Hybridization functions of intermetallic Ce compounds with group VI elements

TL;DR

This paper analyzes the hybridization functions and crystal-field splittings of intermetallic cerium compounds with group VI elements, focusing on how p-electron interactions influence their magnetic and electronic properties.

Contribution

It provides a detailed analysis of the 4f-hybridization function and crystal-field splittings in CeY and CeX compounds, highlighting the role of p-electrons in their unique properties.

Findings

Hybridization functions are significantly affected by p-electron contributions.

The Fermi energy shifts into the p-region of the Ce 5d density of states.

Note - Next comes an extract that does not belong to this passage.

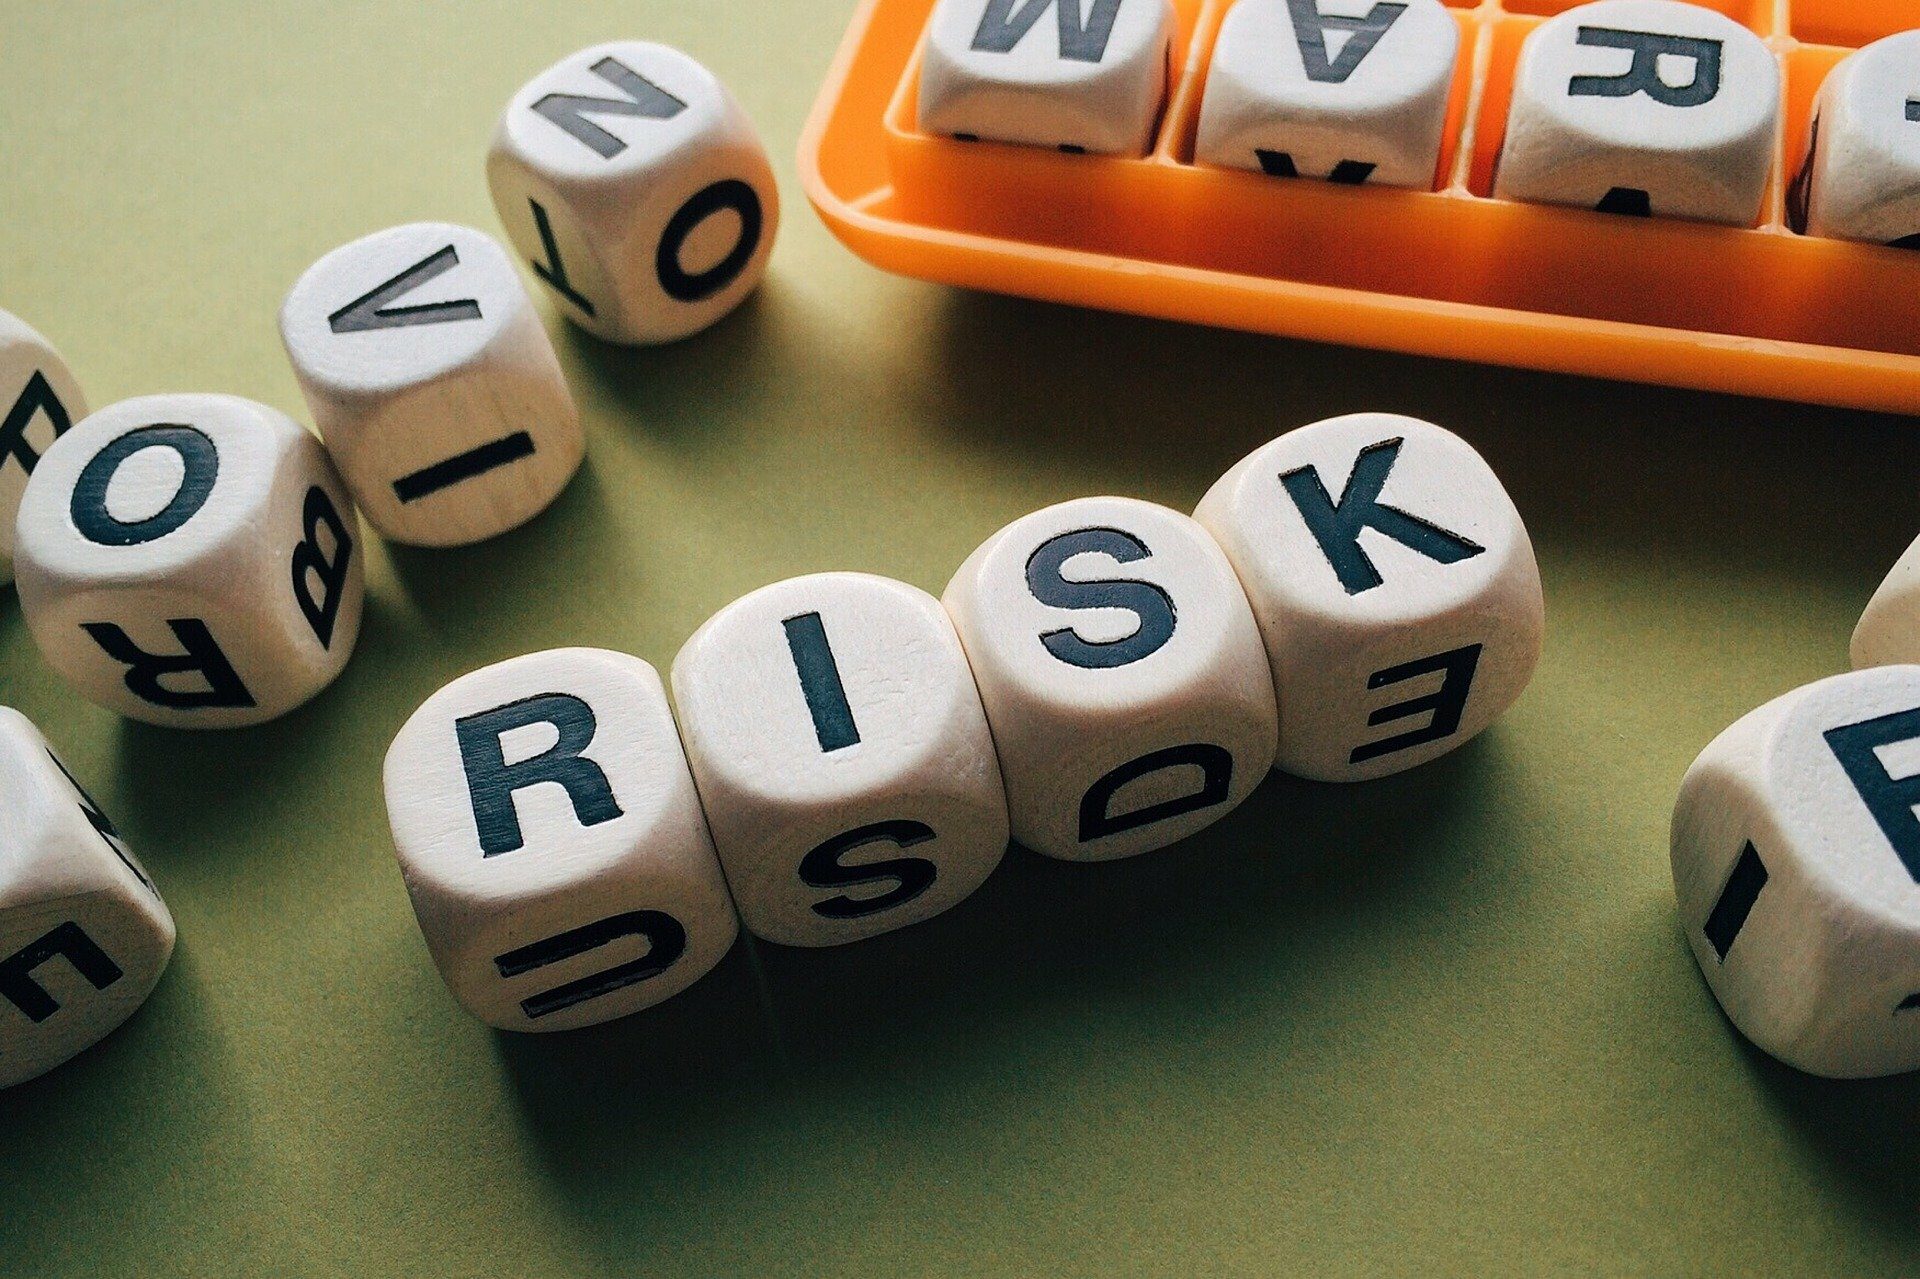 Sistemi di prevenzione del rischio WB

These shifts influence the magnetic and electronic behavior of the compounds.

Abstract

Among the Cerium compounds, the heavier monochalcogenides CeY (Y=S,Se,Te) of cerium provide a class of compounds which together with the heavier monopnictides CeX (X=N,P,As,Sb,Bi) exhibit extremely interesting physical properties. The hybridization of the partially delocalized f-electrons seems to be responsible for the unusual properties, in particular the magnetic ones which show great chemical sensitivity. As compared to the monopnictides, the monochalcogenides have an additional anion p-electron which shifts the Fermi energy into the p-region of the Cerium 5d-derived density of states, and which should affect the hybridization function of the electrons in the conduction band. In this contribution we analyze the 4f-hybridization function and the crystal-field splittings of the compounds under study. KEY WORDS: Highly correlated systems, crystal fields, p-electron.